Extracted entries

------------------------

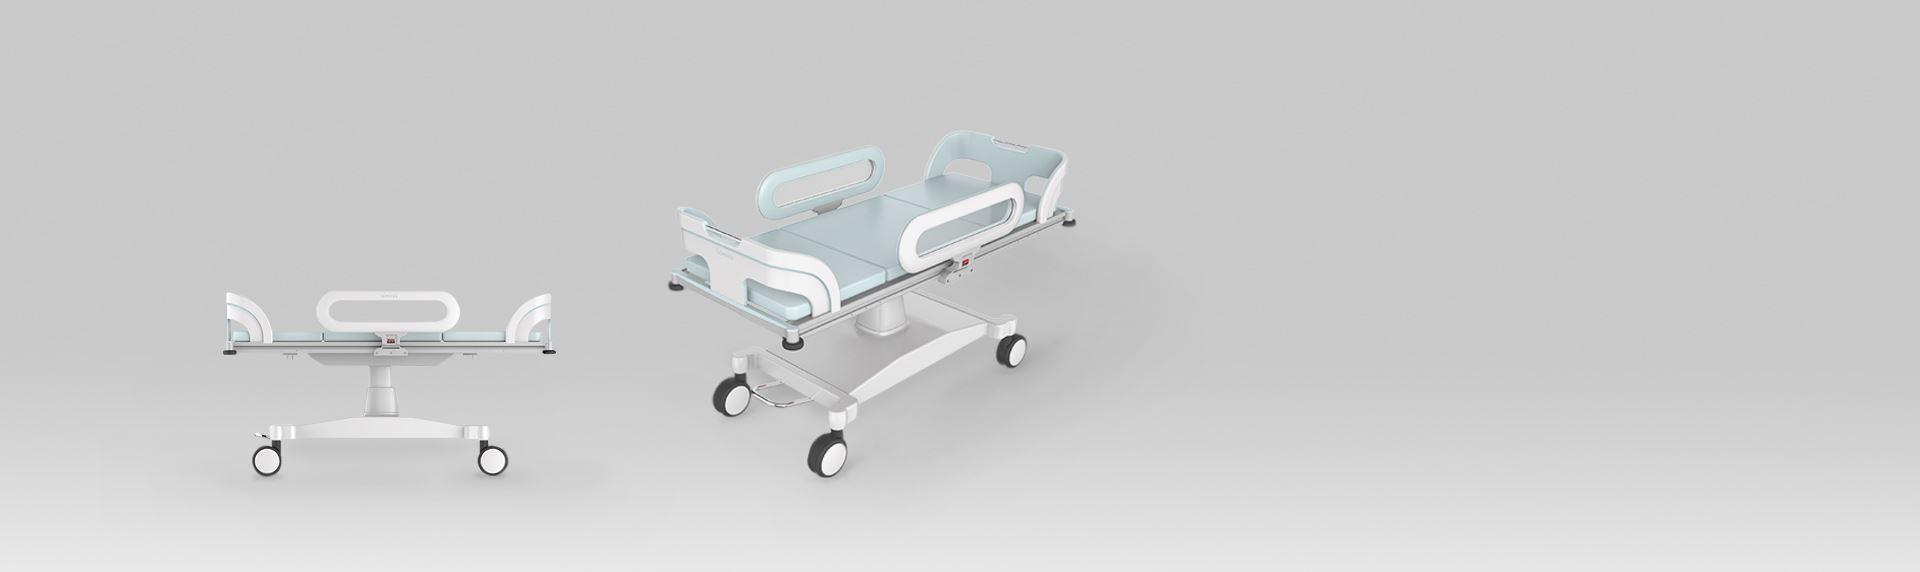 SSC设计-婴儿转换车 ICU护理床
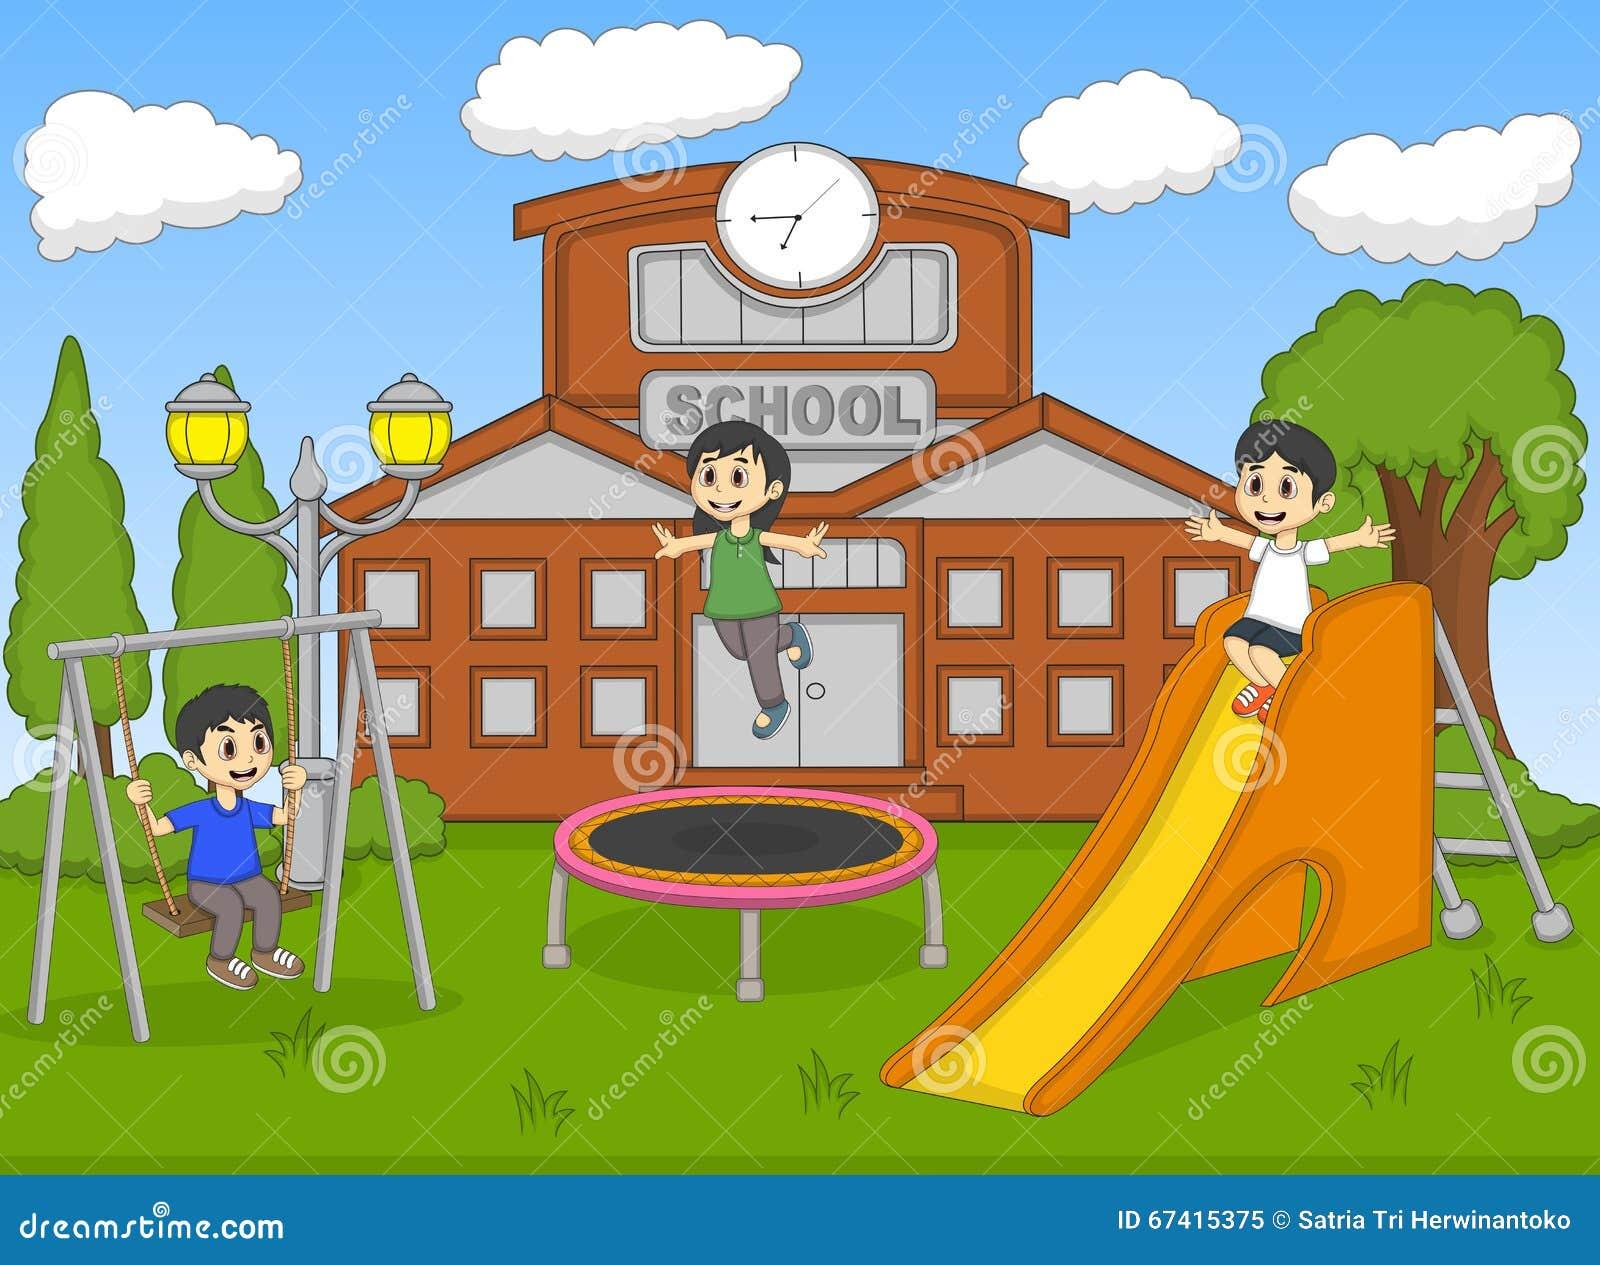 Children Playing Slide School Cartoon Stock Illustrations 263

------------------------

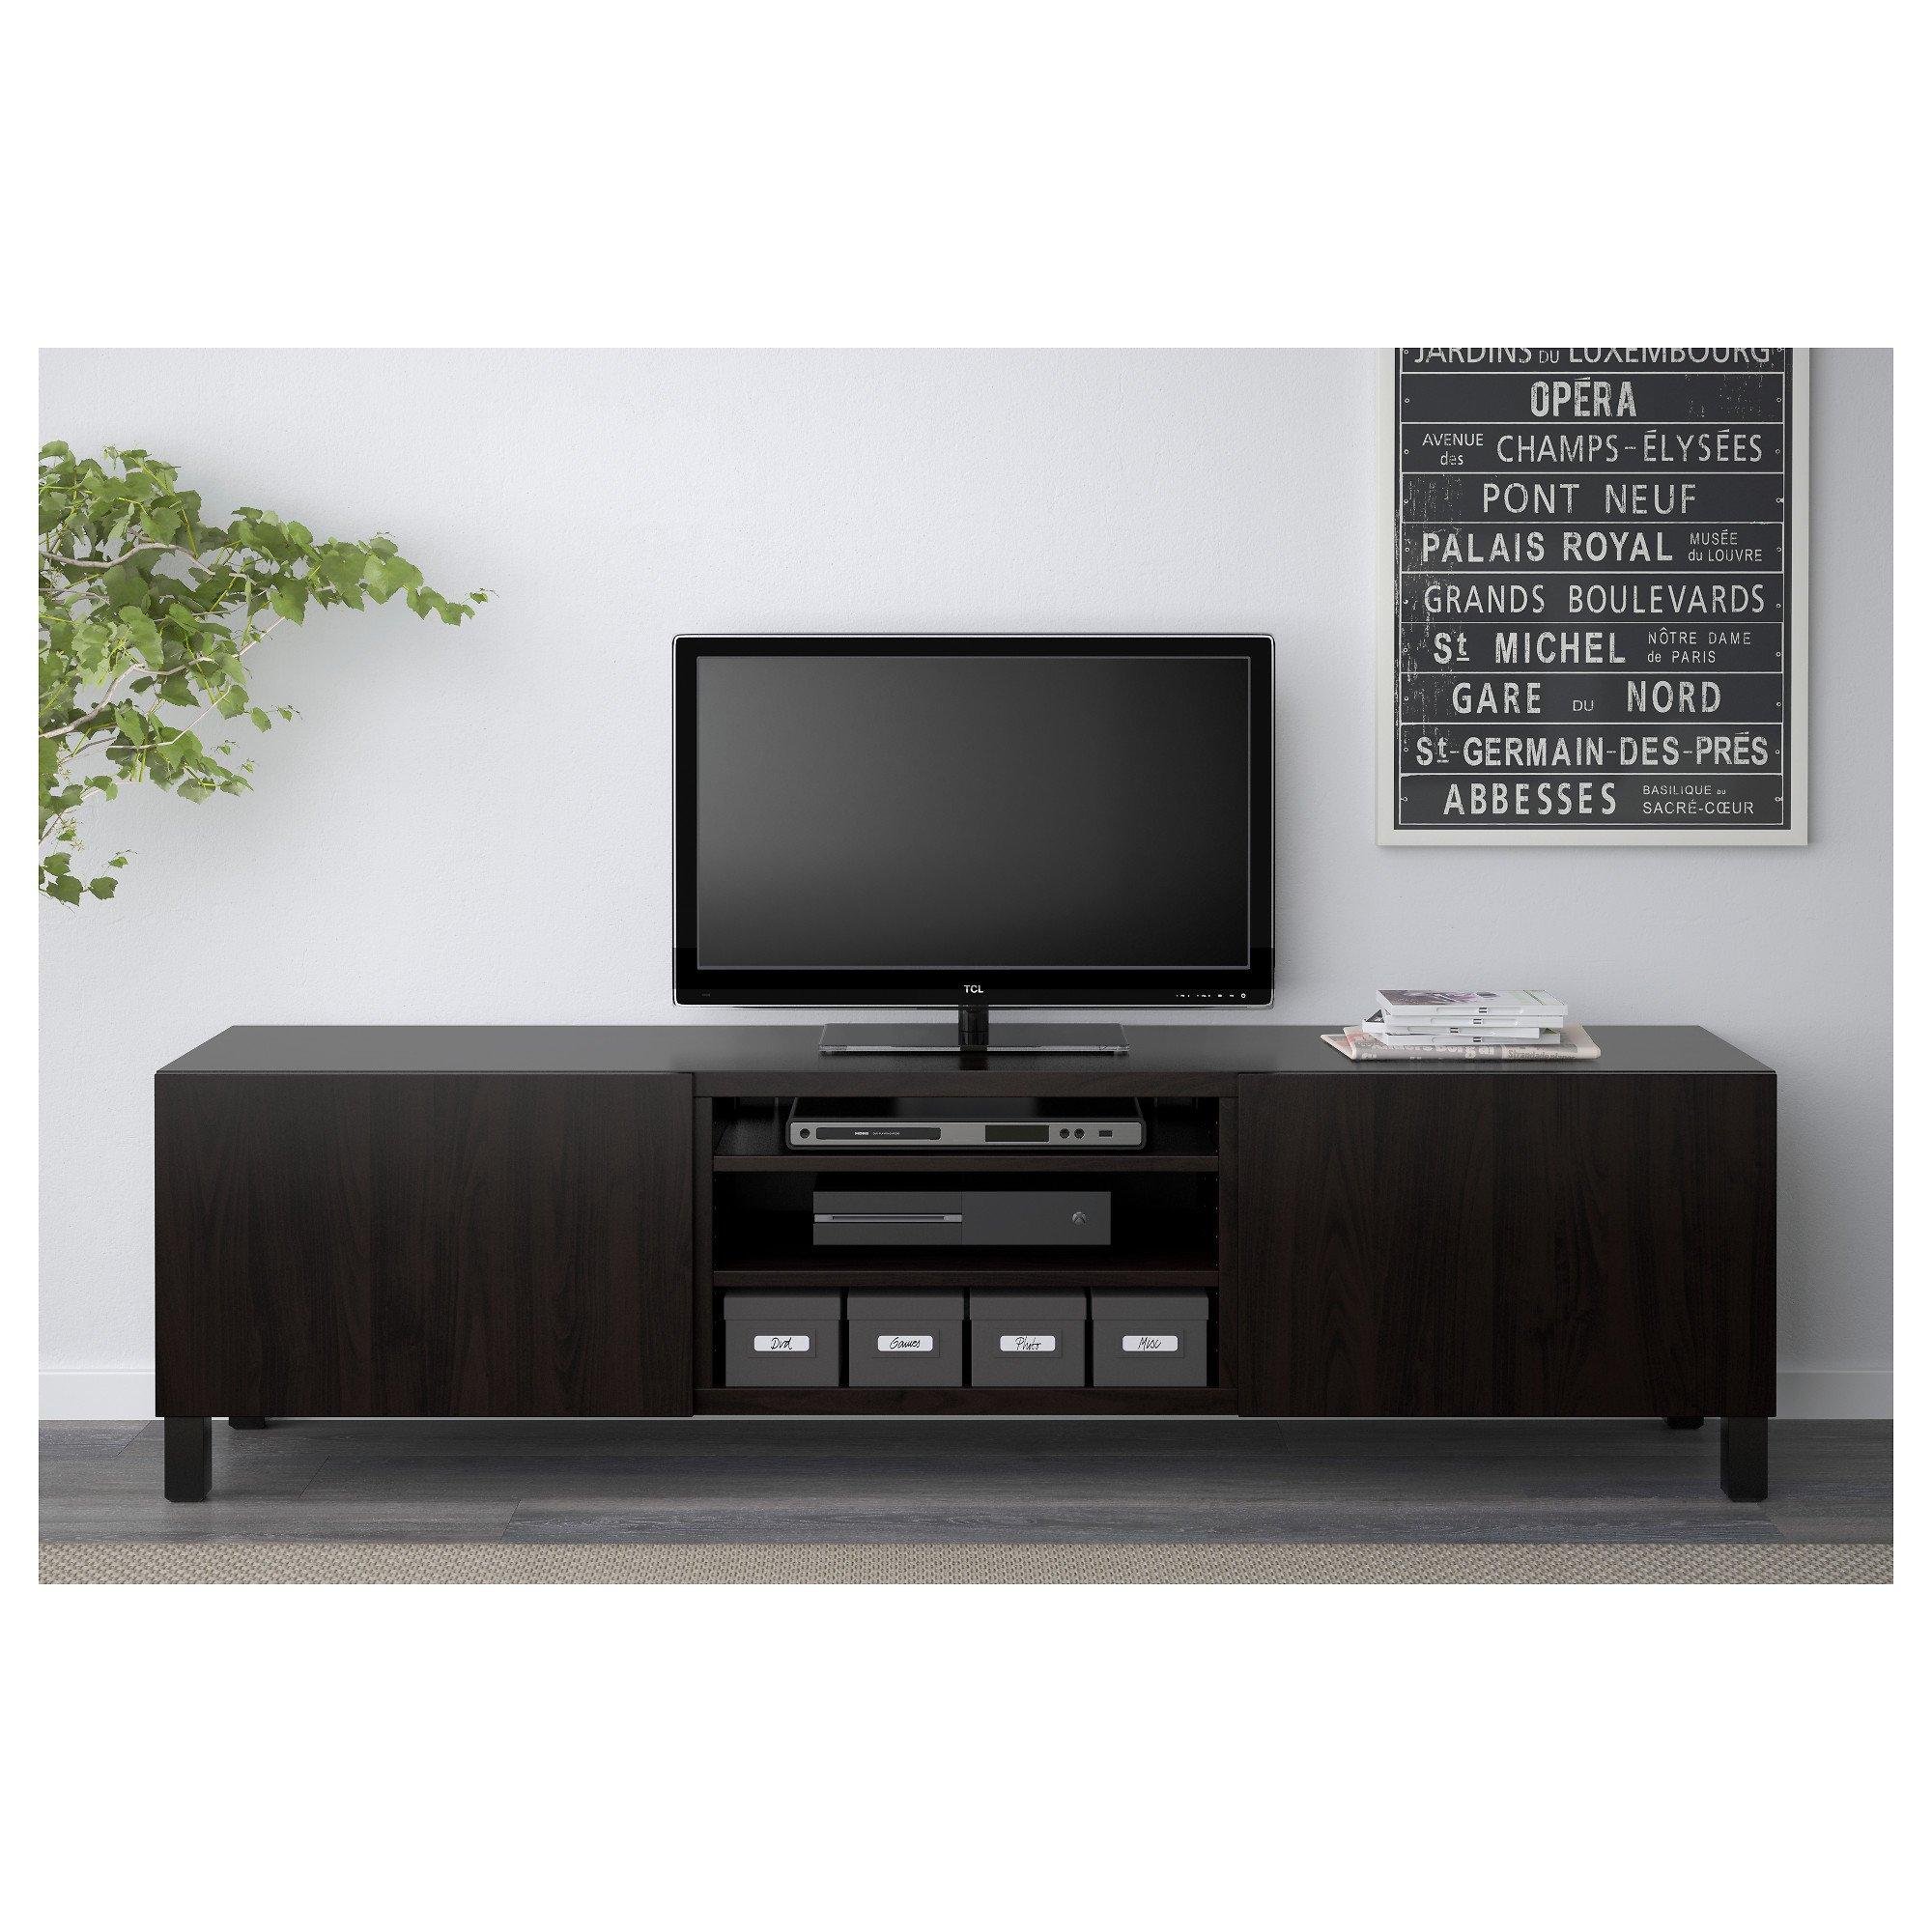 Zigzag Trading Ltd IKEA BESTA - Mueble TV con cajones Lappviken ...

------------------------

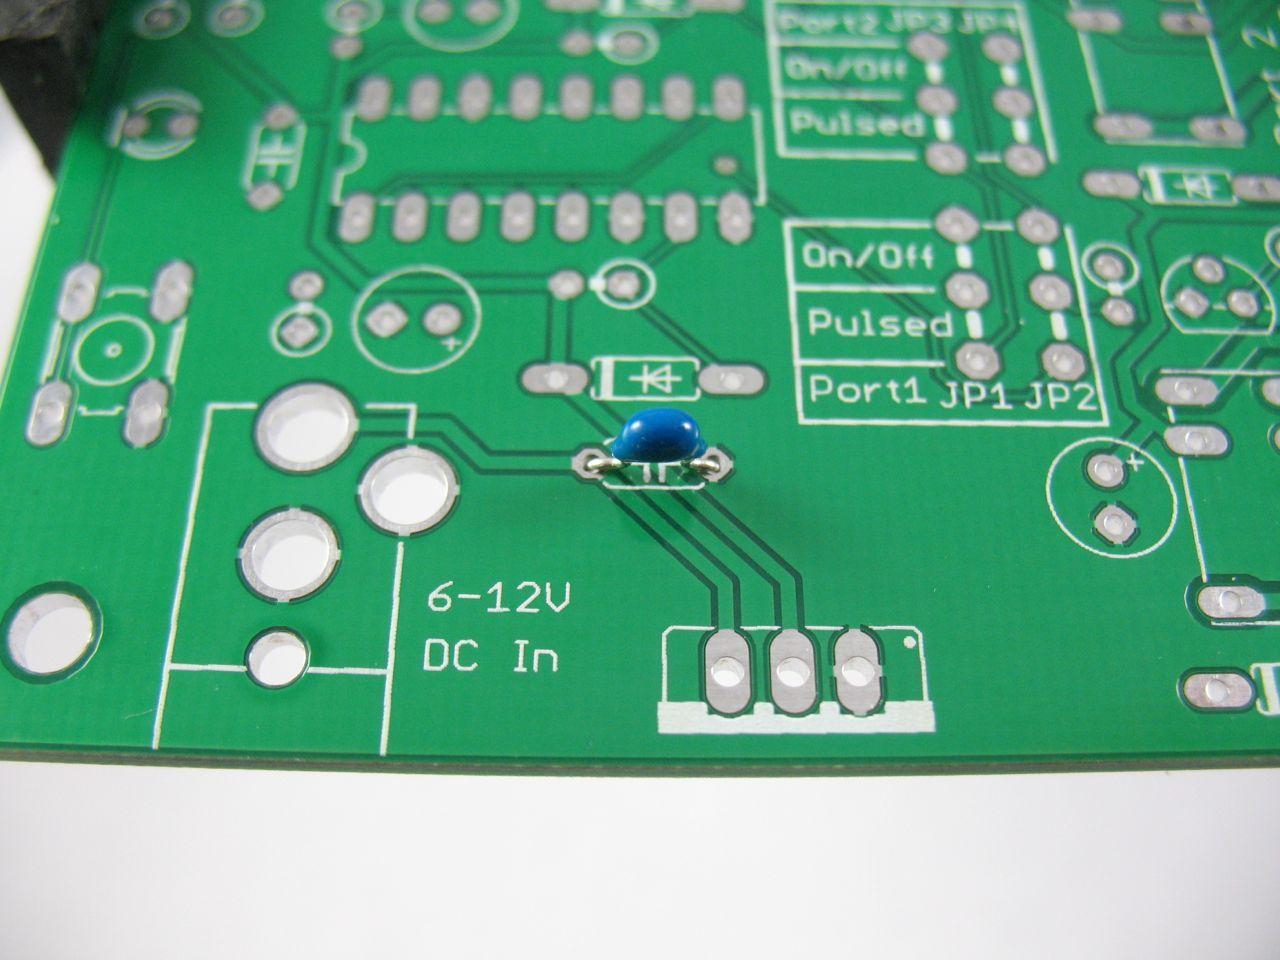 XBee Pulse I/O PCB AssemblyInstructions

------------------------

About this task
Would you print exactly the lines in the listing above, from the line bearing "SSC设计-婴儿转换车 ICU护理床" through the line bearing "Children Playing Slide", leaving out all pictures?

Reply to the exercise
 SSC设计-婴儿转换车 ICU护理床
 Children Playing Slide School Cartoon Stock Illustrations 263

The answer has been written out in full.